First things first, make sure you have installed river.

In river, features are represented with dictionaries, where the keys correspond to the features names. For instance:

import datetime as dt

x = {
    'shop': 'Ikea',
    'city': 'Stockholm',
    'date': dt.datetime(2020, 6, 1),
    'sales': 42
}

It is up to you, the user, to decide how to stream your data. river offers a stream module which has various utilities for handling streaming data, such as stream.iter_csv. For the sake of example, river also provides a datasets module which contains various streaming datasets. For example, the datasets.Phishing dataset contains records of phishing attempts on web pages.

from river import datasets

dataset = datasets.Phishing()
print(dataset)
Phishing websites.

This dataset contains features from web pages that are classified as phishing or not.

    Name  Phishing                                                    
    Task  Binary classification                                       
 Samples  1,250                                                       
Features  9                                                           
  Sparse  False                                                       
    Path  /home/runner/work/river/river/river/datasets/phishing.csv.gz

The dataset is a streaming dataset, and therefore doesn't sit in memory. Instead, we can loop over each sample with a for loop:

for x, y in dataset:
    pass

print(x)
{'empty_server_form_handler': 1.0, 'popup_window': 0.5, 'https': 1.0, 'request_from_other_domain': 1.0, 'anchor_from_other_domain': 1.0, 'is_popular': 0.5, 'long_url': 0.0, 'age_of_domain': 0, 'ip_in_url': 0}
print(y)
False

Typically, models learn via a learn_one(x, y) method, which takes as input some features and a target value. Being able to learn with a single instance gives a lot of flexibility. For instance, a model can be updated whenever a new sample arrives from a stream. To exemplify this, let's train a logistic regression on the above dataset.

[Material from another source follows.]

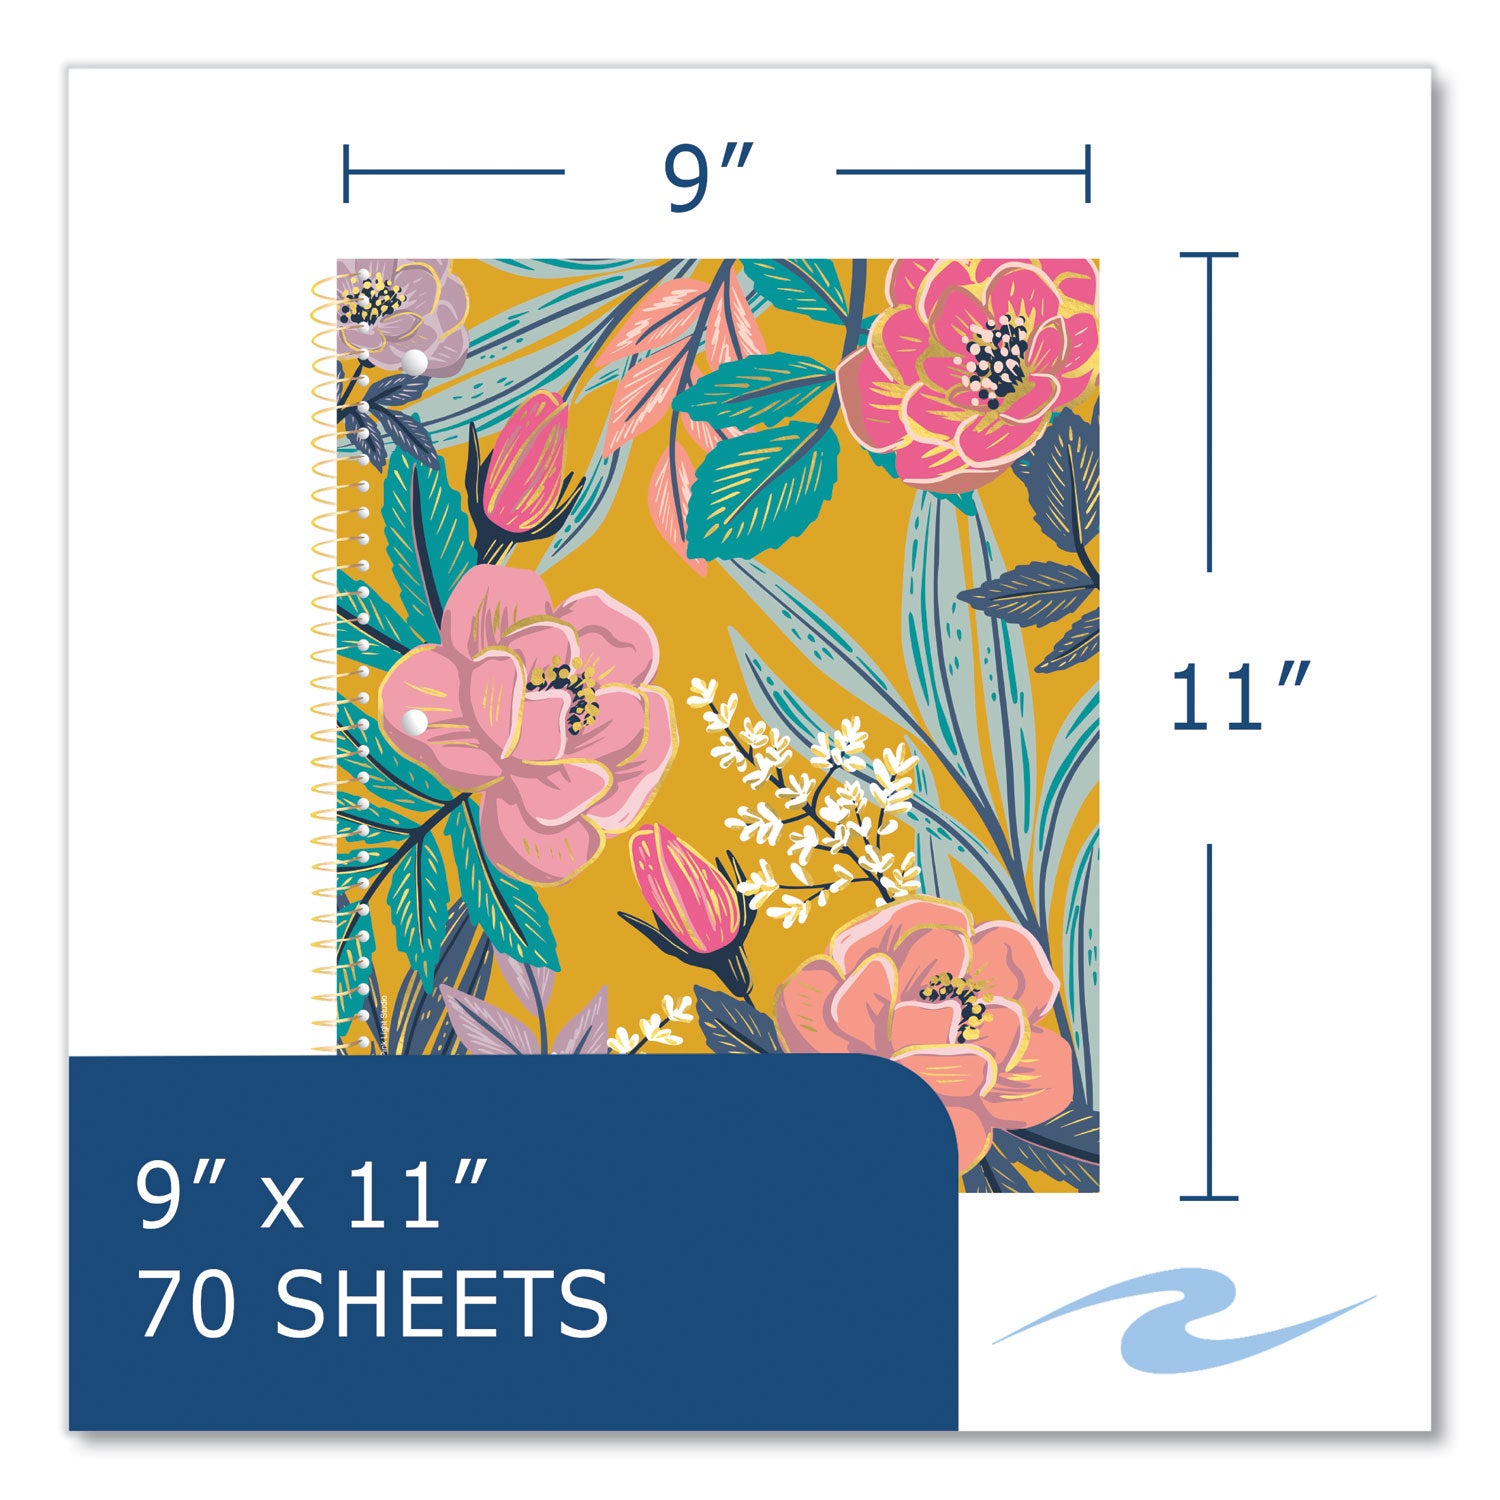 studio-series-notebook-1-subject-college-rule-assorted-covers-set-2-70-11-x-9-sheets-24-ct-ships-in-4-6-business-days_roa11322cs - 7
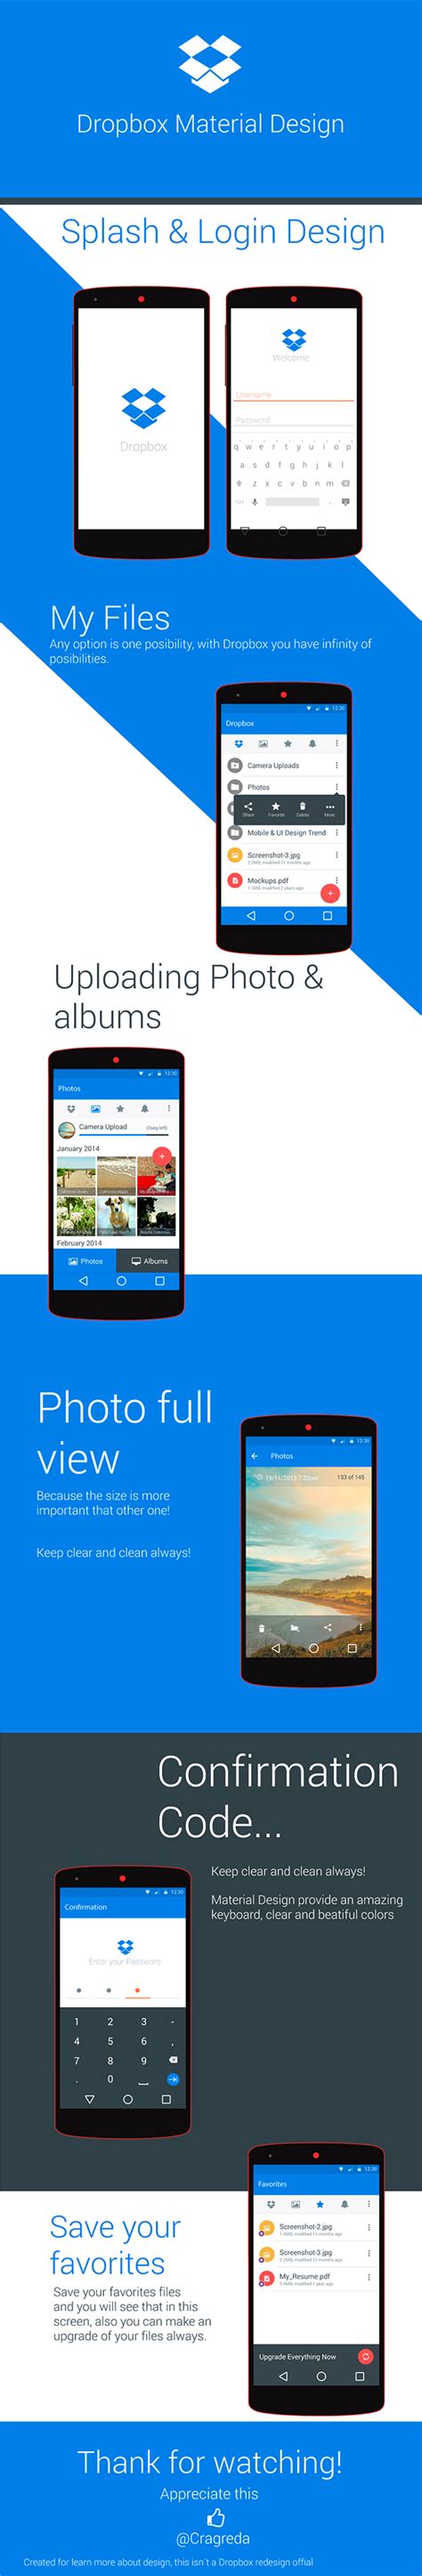 Dropbox Material Design 2014 on Behance | Android material design, Material design, Google ...

from river import linear_model

model = linear_model.LogisticRegression()

for x, y in dataset:
    model.learn_one(x, y)

Predictions can be obtained by calling a model's predict_one method. In the case of a classifier, we can also use predict_proba_one to produce probability estimates.

model = linear_model.LogisticRegression()

for x, y in dataset:
    y_pred = model.predict_proba_one(x)
    model.learn_one(x, y)

print(y_pred)
{False: 0.7731541581376543, True: 0.22684584186234572}

The metrics module gives access to many metrics that are commonly used in machine learning. Like the rest of river, these metrics can be updated with one element at a time:

from river import metrics

model = linear_model.LogisticRegression()

metric = metrics.ROCAUC()

for x, y in dataset:
    y_pred = model.predict_proba_one(x)
    model.learn_one(x, y)
    metric.update(y, y_pred)

metric
ROCAUC: 89.36%

A common way to improve the performance of a logistic regression is to scale the data. This can be done by using a preprocessing.StandardScaler. In particular, we can define a pipeline to organise our model into a sequence of steps:

from river import compose
from river import preprocessing

model = compose.Pipeline(
    preprocessing.StandardScaler(),
    linear_model.LogisticRegression()
)

model
StandardScaler
{'counts': Counter(), 'means': defaultdict(<class 'float'>, {}), 'vars': defaultdict(<class 'float'>, {}), 'with_std': True}
LogisticRegression
{'_weights': {}, '_y_name': None, 'clip_gradient': 1000000000000.0, 'initializer': Zeros (), 'intercept': 0.0, 'intercept_init': 0.0, 'intercept_lr': Constant({'learning_rate': 0.01}), 'l2': 0.0, 'loss': Log({'weight_pos': 1.0, 'weight_neg': 1.0}), 'optimizer': SGD({'lr': Constant({'learning_rate': 0.01}), 'n_iterations': 0})}
metric = metrics.ROCAUC()

for x, y in datasets.Phishing():
    y_pred = model.predict_proba_one(x)
    model.learn_one(x, y)
    metric.update(y, y_pred)

metric
ROCAUC: 95.04%

As we can see, the model is performing much better now that the data is being scaled. Under the hood, the standard scaler maintains a running average and a running variance for each feature in the dataset. Each feature is thus scaled according to the average and the variance seen up to every given point in time.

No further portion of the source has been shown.